One of your replies to me included the statement "the LLM probably won't succeed for the API in question no matter how many iterations you try and it's best to move on" (i.e. don't do the work or don't use AI to do it). Yet you continue to repeat that it's my (and everyone else's) lack of understanding that's somehow the problem, not conceding that AI being unable to perform certain tasks is a valid point of skepticism.

> This word soup doesn't get to redefine the word opposite,

You're the one trying to redefine the word "opposite" to mean "any two things that aren't identical."

By lechatonnoir 2025-06-035:29

Well said about the fact that they can't introspect, and I agree with your tip about starting with fresh context, and about when to give up.

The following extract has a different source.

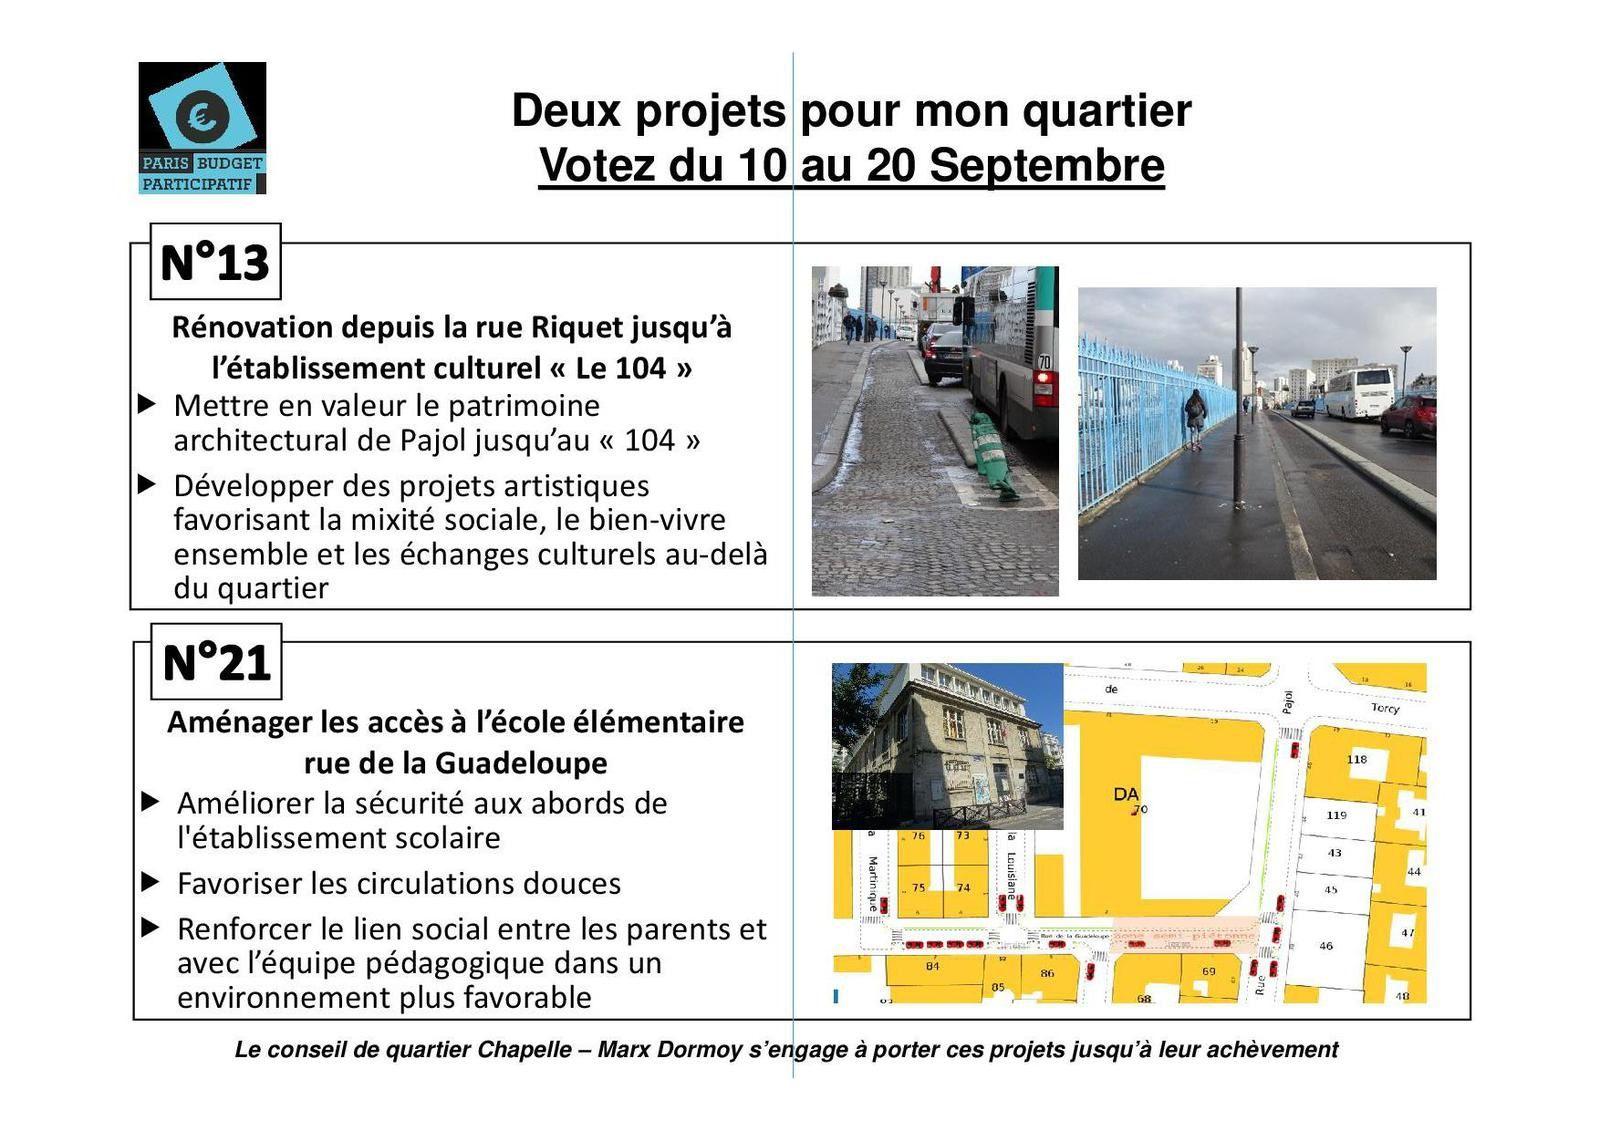 Vote participatif : jusqu'au 26 septembre 2015 votez pour le projet 13 (pont et rue Riquet) ou 21 (abords école Guadeloupe)

I feel like this thread is full of strawmen from people who want to come up with reasons they shouldn't try to use this tool for what it's good at, and figure out ways to deal with the failure cases.

By khasan222 2025-06-0222:30

I find this very very much depends on the model and instructions you give the llm. Also you can use other instructions to check the output and have it try again. Definitely with larger codebases it struggles but the power is there.

My favorite instruction is using component A as an example make component B

By Corey_ 2025-06-039:17

[dead]

By few 2025-06-032:122 reply

>On two occasions, I have been asked [by members of Parliament], 'Pray, Mr. Babbage, if you put into the machine wrong figures, will the right answers come out?' I am not able to rightly apprehend the kind of confusion of ideas that could provoke such a question. - Charles Babbage

This quote did not age well

By snowwrestler 2025-06-035:17

Now with LLMs, you can put in the right figures and the wrong answers might come out.

By guelo 2025-06-032:16

not if you consider how confused our ideas are today

By dogcomplex 2025-06-037:28

If anything we now need to unlearn the rigidity - being too formal can make the AI overly focused on certain aspects, and is in general poor UX. You can always tell legacy man-made code because it is extremely inflexible and requires the user to know terminology and usage implicitly lest it break, hard.

For once, as developers we are actually using computers how normal people always wished they worked and were turned away frustratedly. We now need to blend our precise formal approach with these capabilities to make it all actually work the way it always should have.